Chapter 10
Chapter Ten
The Warg of the West
“Bandits!” one of the men cried. His shout rang in Mal’s ears as the mule snorted and stamped. It jerked at its tether as its eyes flashed on the sight of the crimson-clad figure running toward it with a sword raised, intent on cutting its ties.
At the corner of his gaze, Mal noticed the man with the bow reaching for his quiver, a sight that chilled him worse than any shadow.
Another traveler, the quickest to his feet, started after Griff but tripped over the handle of his cast-iron pan, sending up a shower of sparks that sprayed into the nearby brush.
Embers danced along the sleeve of Mal’s cloak, drawing a grunt of surprise and startling him from the shadows before he had time to think how he was going to get himself and Griff out of this with all limbs intact and no arrow wounds, never mind the mule now.
Arrows. The archer. Shit.
He was slotting an arrow, aiming at Griff in the dark as the foreman, oblivious, quickly cut the mule’s rope.

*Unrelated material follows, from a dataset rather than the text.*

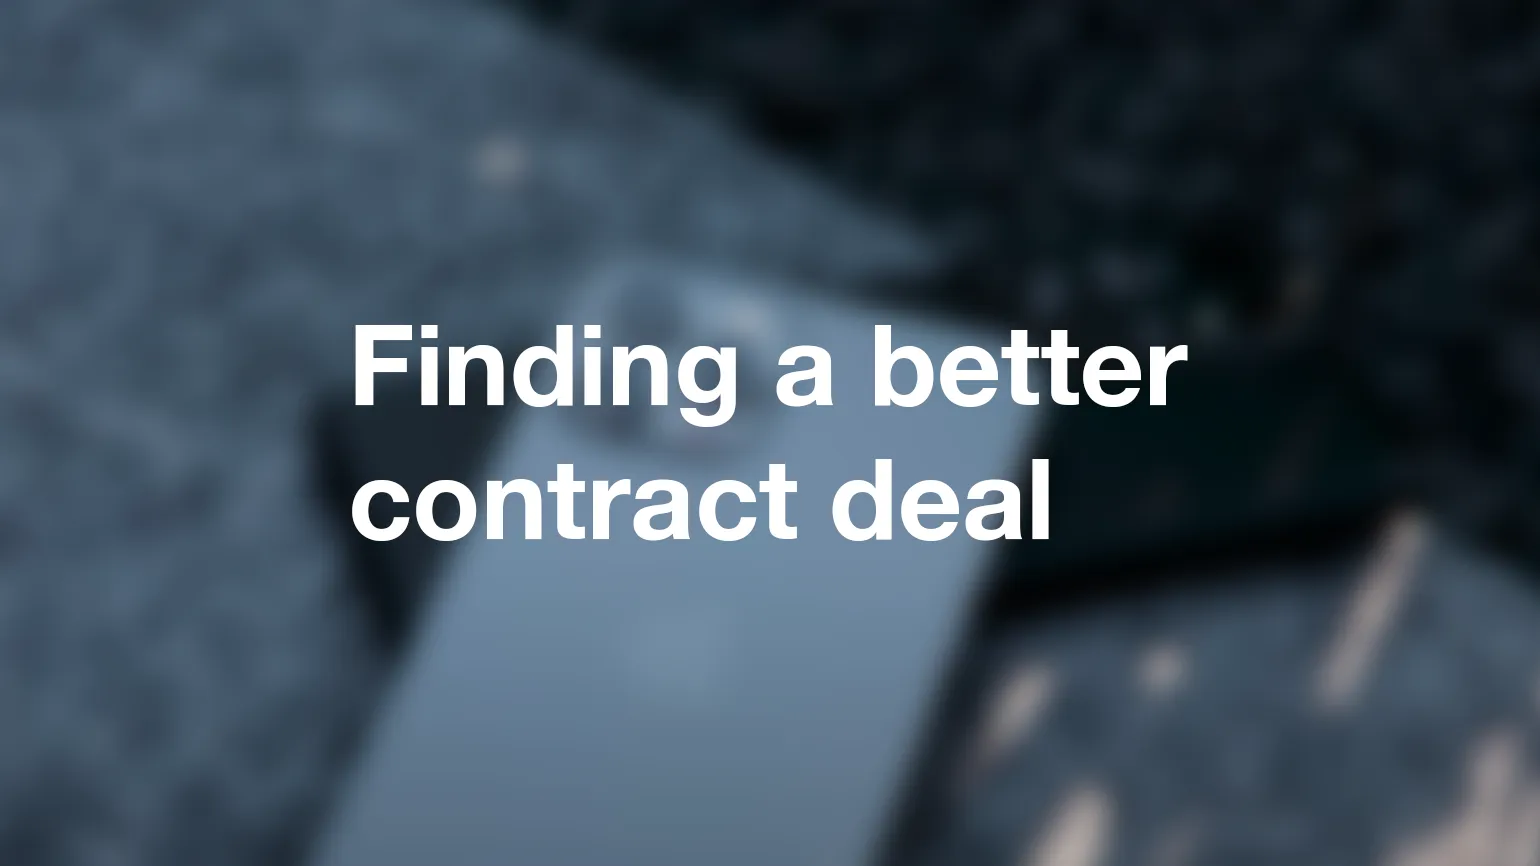 Finding a better contract deal
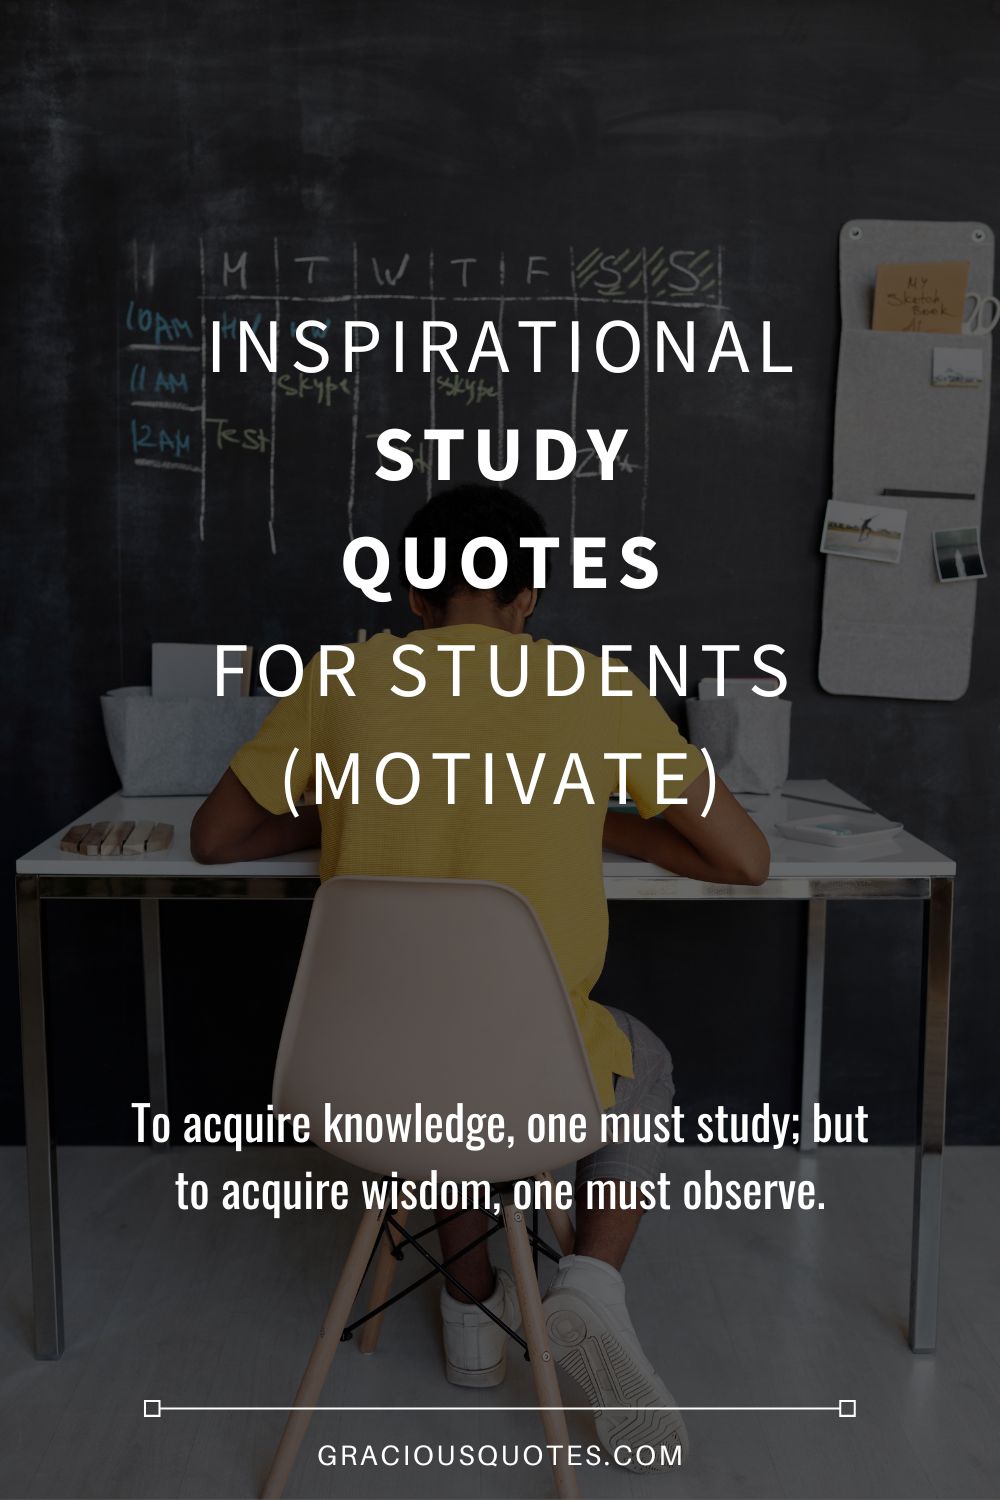 74 Inspirational Study Quotes for Students (MOTIVATE)

Mal set himself on a collision course with the man, drawing a hunting knife swiftly from his belt as he ran, shouting, “This is hardly being careful on the job!” to Griff as he closed in on the archer and swung his fist to ensure that arrow misfired. Then, “Go, I’ve got this!”
Taking the mule’s lead, Griff started urging the creature back toward the hill and Alys, making frantic gestures like there was an owlbear on their heels.
He didn’t get far.
The arrow didn’t fly true, but rather than landing in Griff’s back, it sank into his right calf just above the ankle. He managed to take a few stumbling steps forward with the creature—momentarily filling Mal with a wild, false hope—but then he crumpled to the ground.
Still, he was amazed Griff didn’t let go of that mule’s lead. If anything, he seemed to cling tighter to the rope as the mule began to drag him forward.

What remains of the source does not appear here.